Monday, 5 December 2011

when the person you missed is in a cigarette...

and so it was... i'm addicted to smoking.. something that i'm not proud of. i use to smoke when socializing with peoples, going to party and stuff. but i never got addicted. why now?? what happen to me?
then it struck me, i started having this craving after i was with S few weeks ago. i lay down beside him and for a moment i feel that T was there again. i know its not fair for S, and its unethical for me to actually have a thought like that, but i know he wont mind.... that night i had my first cigarette after a long time with S. and so it was.. my brain connects the nice feeling i had when i lay beside S with the cigarette.. thats how i end up with this endless craving.. the cigarette itself have a calming effect....

i told S about the craving. well, his been very supportive of me quitting before its too late.... 

Thursday, 1 December 2011

being alone

"There's a reason I said I'd be happy alone. It wasn't 'cause I thought I'd be happy alone. It was because I thought if I loved someone and then it fell apart, I might not make it. It's easier to be alone, because what if you learn that you need love and you don't have it? What if you like it and lean on it? What if you shape your life around it and then it falls apart? Can you even survive that kind of pain? Losing love is like organ damage. It's like dying. The only difference is death ends.
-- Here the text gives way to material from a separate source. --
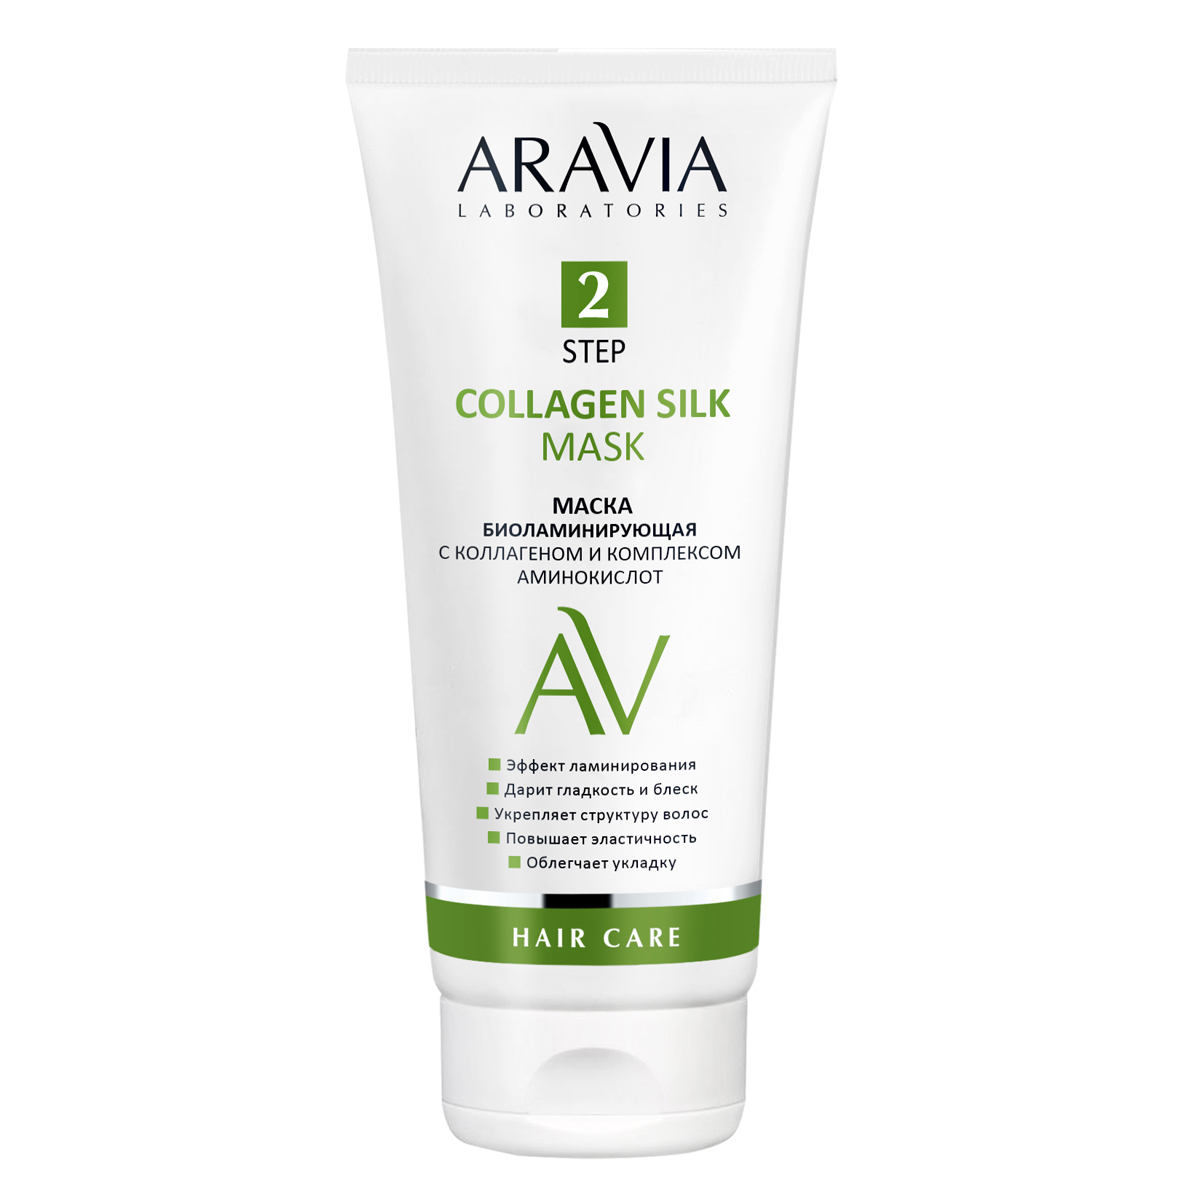 Aravia Laboratories Маска биоламинирующая с коллагеном и комплексом аминокислот Collagen Silk Mask, 200 мл (Aravia Laboratories, Уход за волосами)

This? It could go on forever."


Thursday, 24 November 2011

a thousand years.. could it be..

today while i was changing in my closet the song a thousand years- christina perri started to play..
it was a sweet happy song of hope.. but what i feel was different.. its been 3 months since we are apart from each other. being far from each other seems easy on the surface. but inside it was like an aneurysm waiting to explode. it made me think, can T wait for me that long... 
i know someday he'll be married to someone.. and when that day comes, will i be happy for him or vice versa?  
will things be different when the time comes? will i shed any tears for him being happy? or will it be like having organ damage or one of my major organ failed to bear all this pain.... 

it just made me think... 
i could love you for another thousand years, and for another thousand more....

Monday, 21 November 2011

The Beginning....

"I left because i was alone and i have nothing. Pushed away my sadness and pretended is was strong....."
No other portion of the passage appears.